Pianificare esplicitamente gli stati di errore nelle automazioni.

Gli errori sono stati normali del flusso di lavoro. Guasti, rifiuti tecnici e dati non validi richiedono risposte specifiche e uno stato finale chiaro.

"Modellazione degli stati di errore nei flussi di lavoro" viene qui considerata dalla prospettiva di "Errore, riavvio e idempotenza". Per i team operativi e le agenzie, "Causa classificabile" e "Tentativi infiniti" sono particolarmente importanti.

Pubblicato: 3 minuti di lettura · Autore:

Quali stati di errore dovrebbe conoscere un sistema di automazione prima di entrare in produzione?

Per ogni fase di automazione, vengono definite le classi di errore previste, i segnali riconoscibili, le regole di ripetizione e le risposte responsabili. Il flusso di lavoro salva l'ultimo stato confermato e impedisce che errori non chiari vengano registrati come successi o che causino riavvii non verificati.

Transizione sicura

  1. Ogni fase esterna e aziendale viene esaminata per individuare errori previsti, effetti collaterali e conferme riconoscibili.

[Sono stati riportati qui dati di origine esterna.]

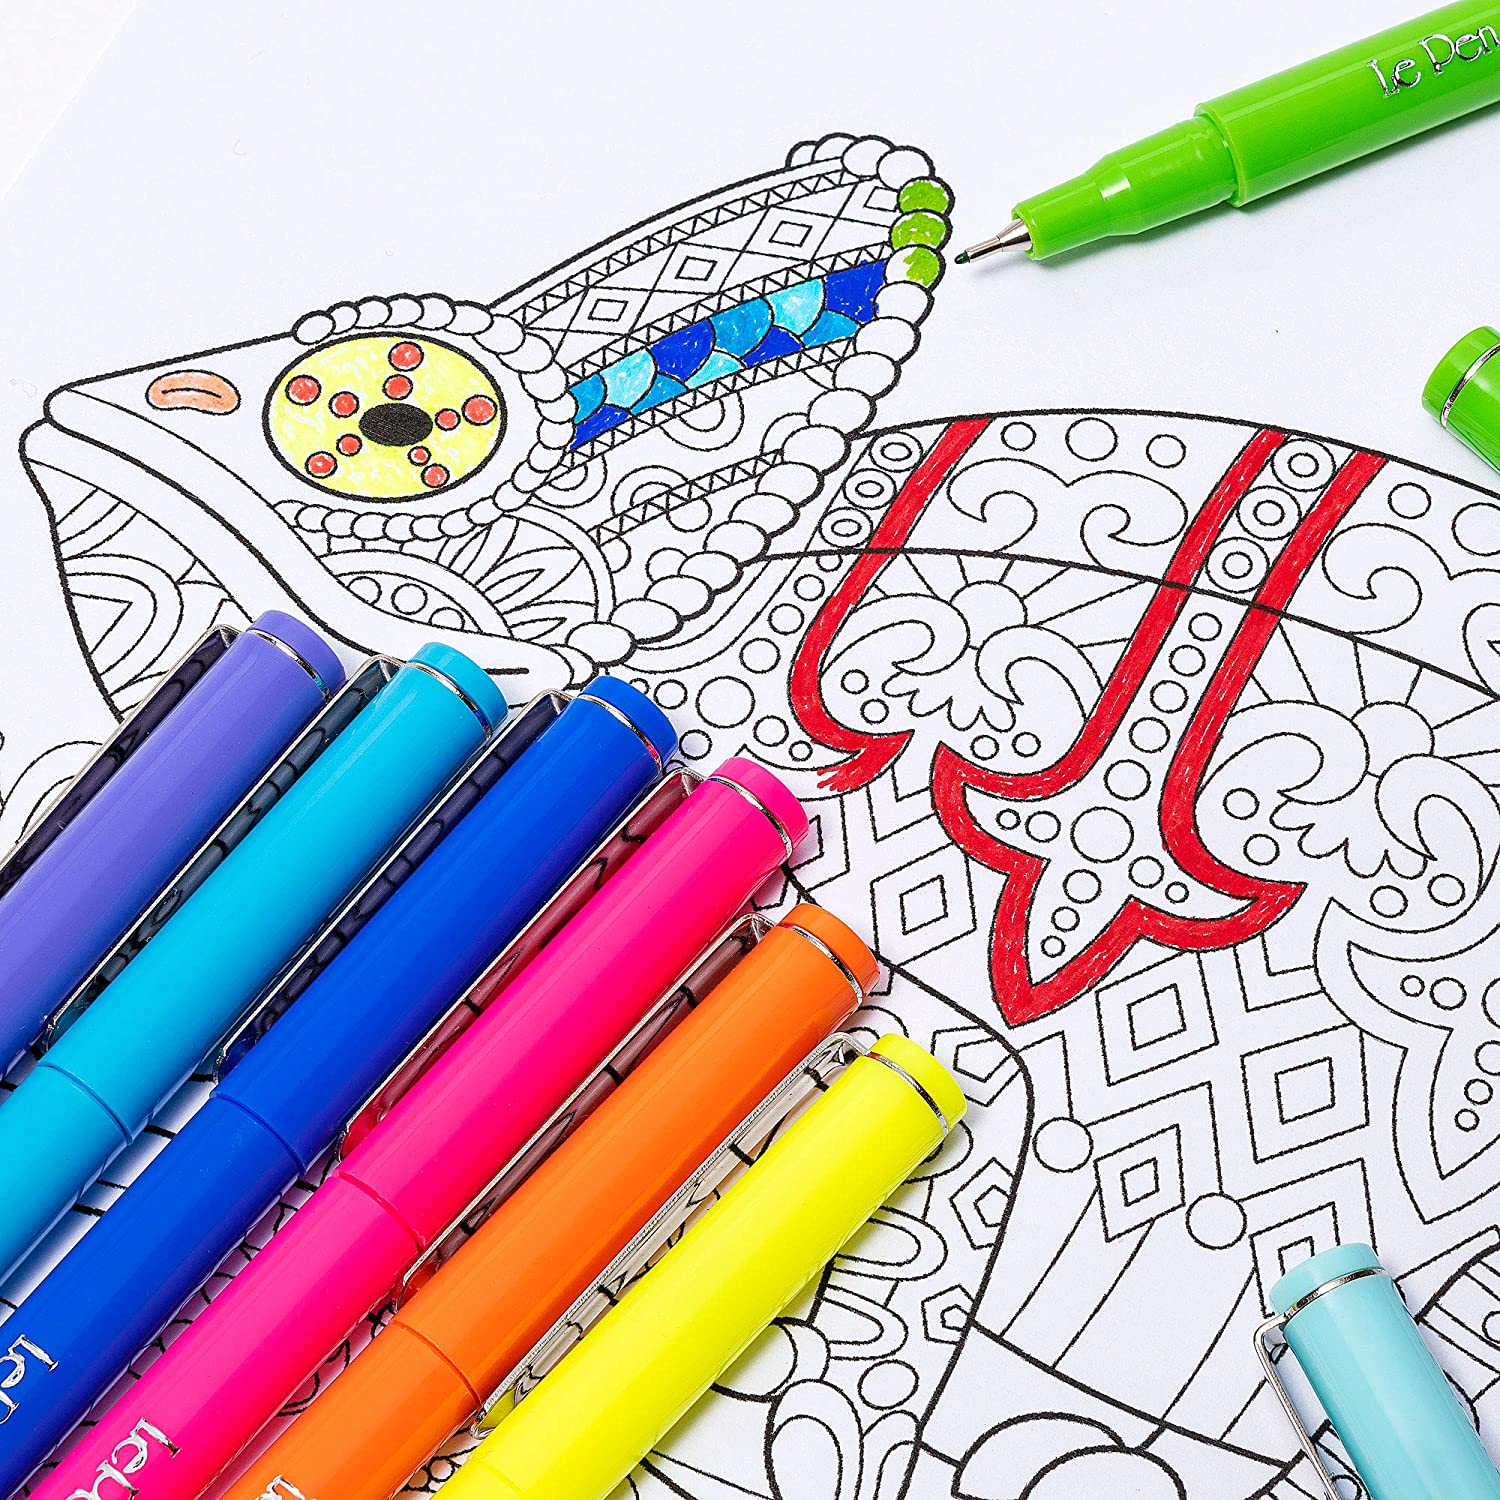 https://www.littlegiantkidz.com/cdn/shop/files/Le-Pens-Multicolor-Set-0_3mm-Fine-Point-Pens-Smudge-Proof-Ink-30-Count-Basic-Neon-and-Pastel-Colors-Montrose-Colors-Inc-3.jpg?v=1690322008&width=1500

  2. Un catalogo degli errori collega i codici stabili con le regole di ripetizione, test, compensazione ed escalation.

  3. I test provocano errori temporanei, permanenti e inspiegabili e verificano lo stato del processo risultante.

Causa classificabile

Criterio di test

Causa classificabile

I codici di errore e il contesto distinguono tra input non valido, disponibilità esterna, autorizzazione e rifiuto aziendale.

Criterio di test

Transizione sicura

Ogni classe di errore comporta un nuovo tentativo, una revisione manuale, un risarcimento o la terminazione definitiva con una chiara spiegazione.

  • Progresso mantenuto I passaggi precedentemente confermati rimangono tracciabili e non vengono né dimenticati né ripetuti in modo incontrollato durante i riavvii.

Progresso mantenuto

Segnale di controllo

Segnale 1

Percentuale di errori assegnati a una classe stabile e a una risposta definita.

Segnale di controllo

Segnale 2

Numero di tentativi infiniti, effetti parziali duplicati e casi di errore non riproducibili manualmente.

Caso di controllo: "Tentativi infiniti"

Un'API accetta un record di dati ma perde la connessione di risposta. Invece di ricrearla ciecamente, il flusso di lavoro interroga lo stato della destinazione utilizzando l'ID dell'oggetto idempotente; solo una perdita confermata consente un nuovo tentativo sicuro.

Tentativi infiniti

  • Tentativi infiniti Gli errori di convalida o autorizzazione persistenti non scompaiono con la ripetizione e possono sovraccaricare i sistemi.

  • Effetto parziale Un'azione esterna può avere successo anche se la conferma fallisce e il flusso di lavoro la considera non eseguita.

  • Testo di errore privo di semantica I messaggi a formato libero sono difficili da instradare automaticamente e da modificare con librerie o sistemi di destinazione.

Quali decisioni sono integrate da "Modellazione degli stati di errore nei flussi di lavoro"?

Una domanda di approfondimento pertinente con relativa risposta Creazione di processi idempotenti in grado di resistere alla ripetizione"Come si crea un processo che riceve in modo sicuro la stessa richiesta più volte? "

Un secondo collegamento per "Modellazione degli stati di errore nei flussi di lavoro" porta a Progettare consapevolmente stati vuoti, stati di caricamento e stati di errore.Questo articolo rimane focalizzato sulla domanda "Come progettare stati vuoti, stati di caricamento e stati di errore in modo utile? "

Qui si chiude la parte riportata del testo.